Web Scraping with Python: Dynamic Websites

In this chapter, let’s learn how to web scrape dynamic websites and the detailed concepts involved.

Introduction

Web scraping is a complex task, and its complexity increases exponentially if the website is dynamic. According to the United Nations Global Web Accessibility Audit, over 70% of websites are dynamic, and their functionality relies on JavaScript.

Dynamic Website Example

Let’s look at an example of a dynamic website to understand why it’s difficult to scrape. Here, we will take a website called http://example.webscraping.com/places/default/search as an example to search. But how can we say that this website is dynamic? As can be seen from the output of the following Python script, which attempts to scrape data from the aforementioned webpage,

import re
import urllib.request
response = urllib.request.urlopen('http://example.webscraping.com/places/default/search')
html = response.read()
text = html.decode()
re.findall('(.*?)',text)

Output

[ ]

The output above shows that the example scraper failed to crawl the information because the div element we were trying to find was empty.

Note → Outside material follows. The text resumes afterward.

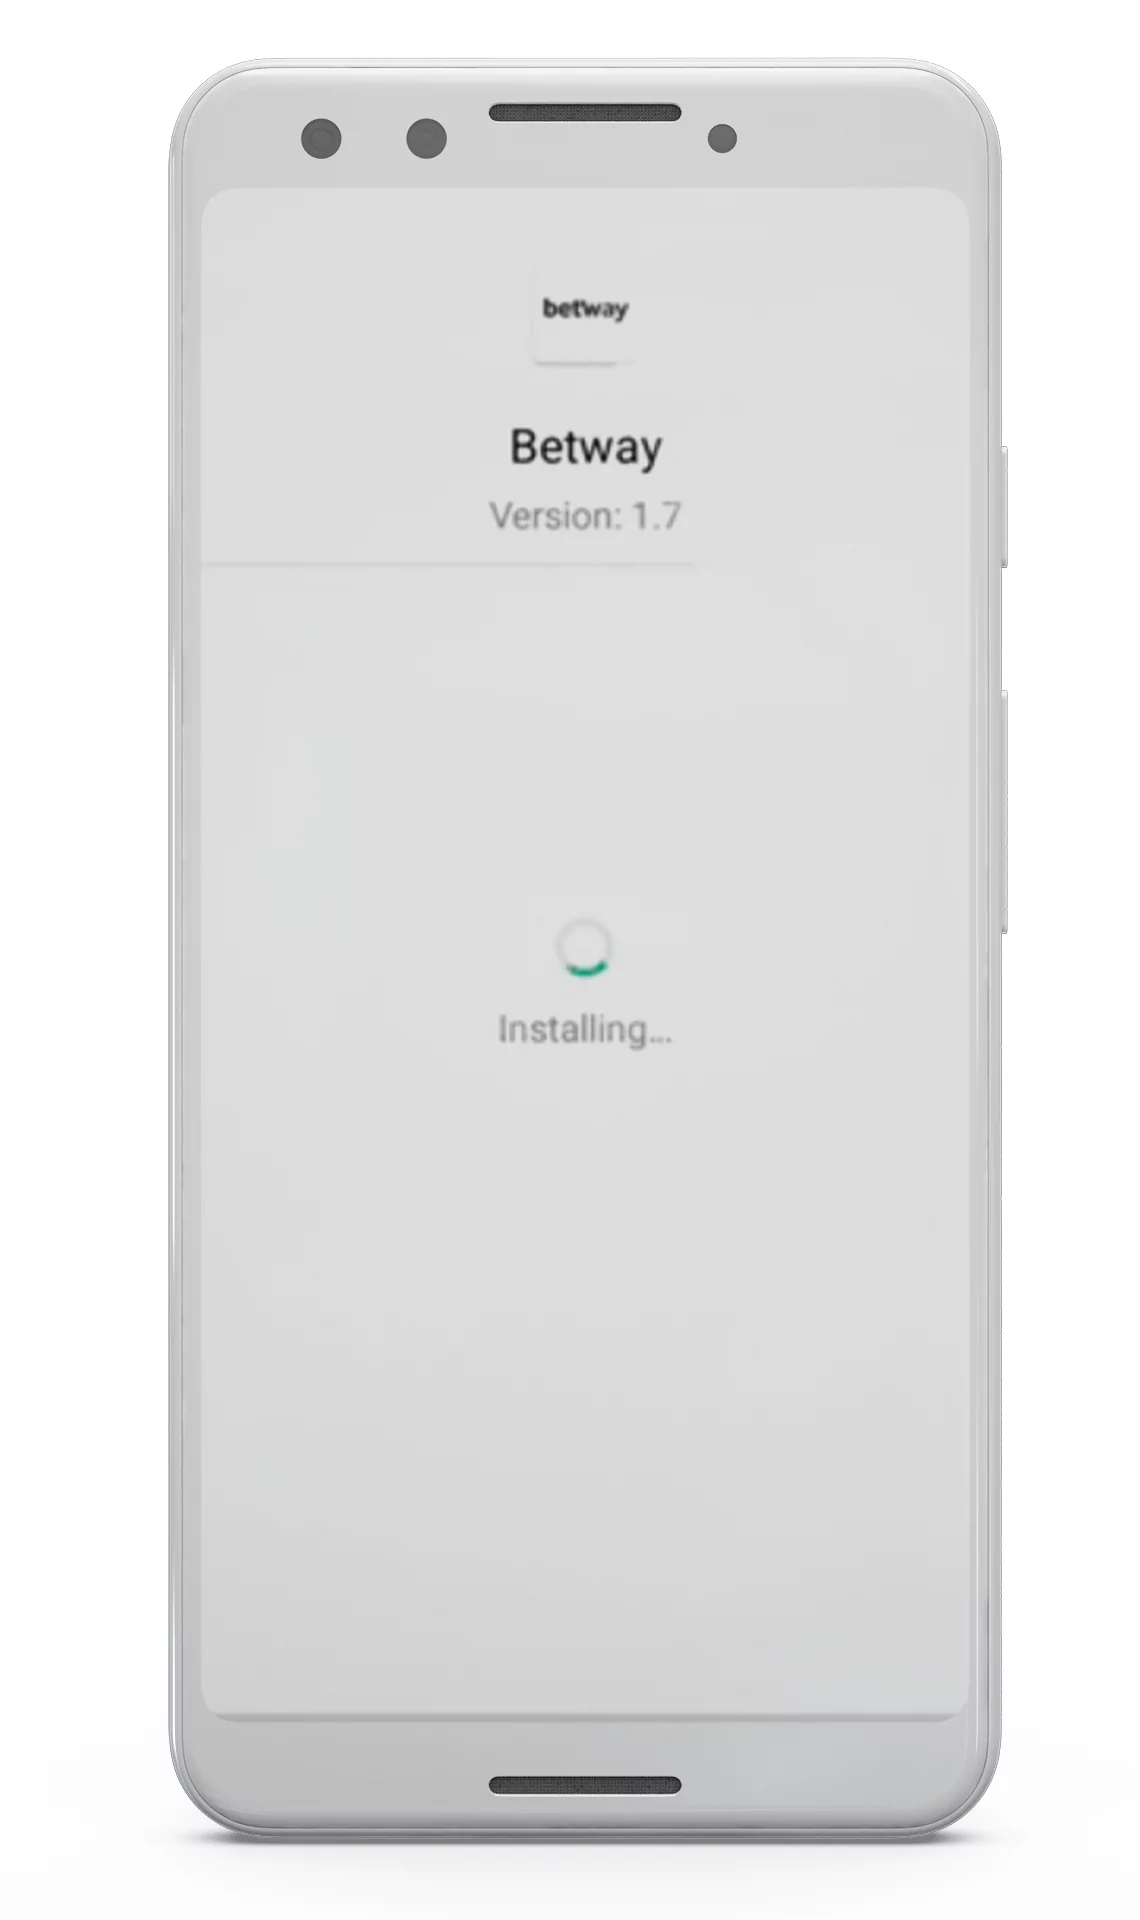 अब आप अपने मोबाइल फोन के जरिए Betway ऐप के लिए साइन अप कर सकते हैं।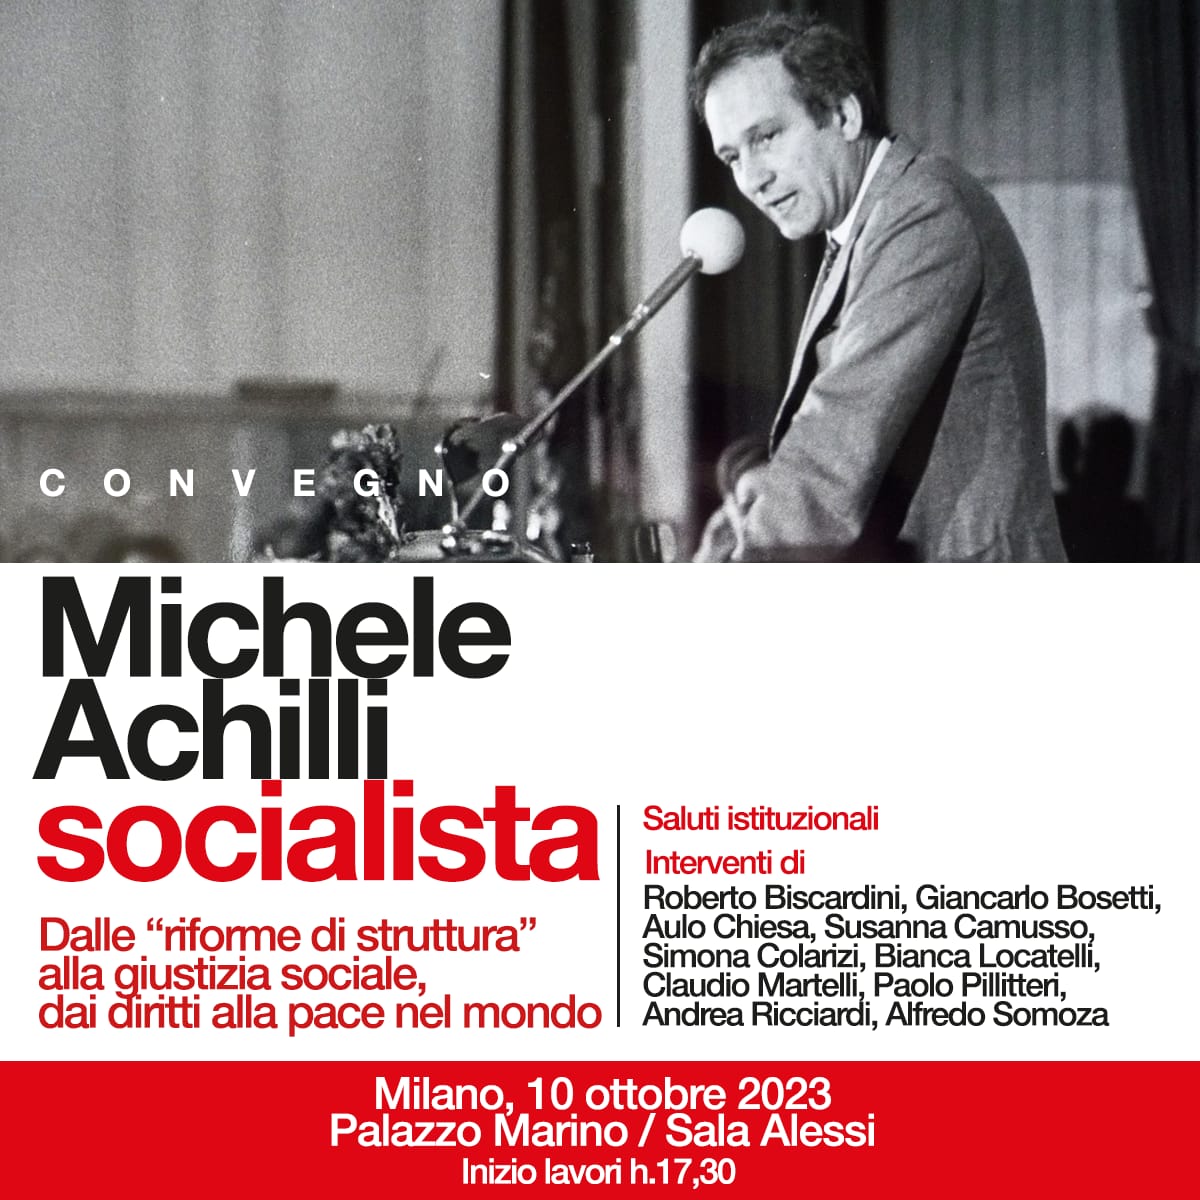 Michele Achilli, socialista

The div element was empty.

How to Scrape Data from Dynamic Websites

We’ve seen that scrapers can’t scrape information from dynamic websites because the data is loaded dynamically using JavaScript. In this case, we can use the following two techniques to scrape data from dynamic websites that rely on JavaScript:

Reverse Engineering JavaScript
Rendering JavaScript

Reverse Engineering JavaScript

A process known as reverse engineering can be useful in understanding how data is dynamically loaded by a web page.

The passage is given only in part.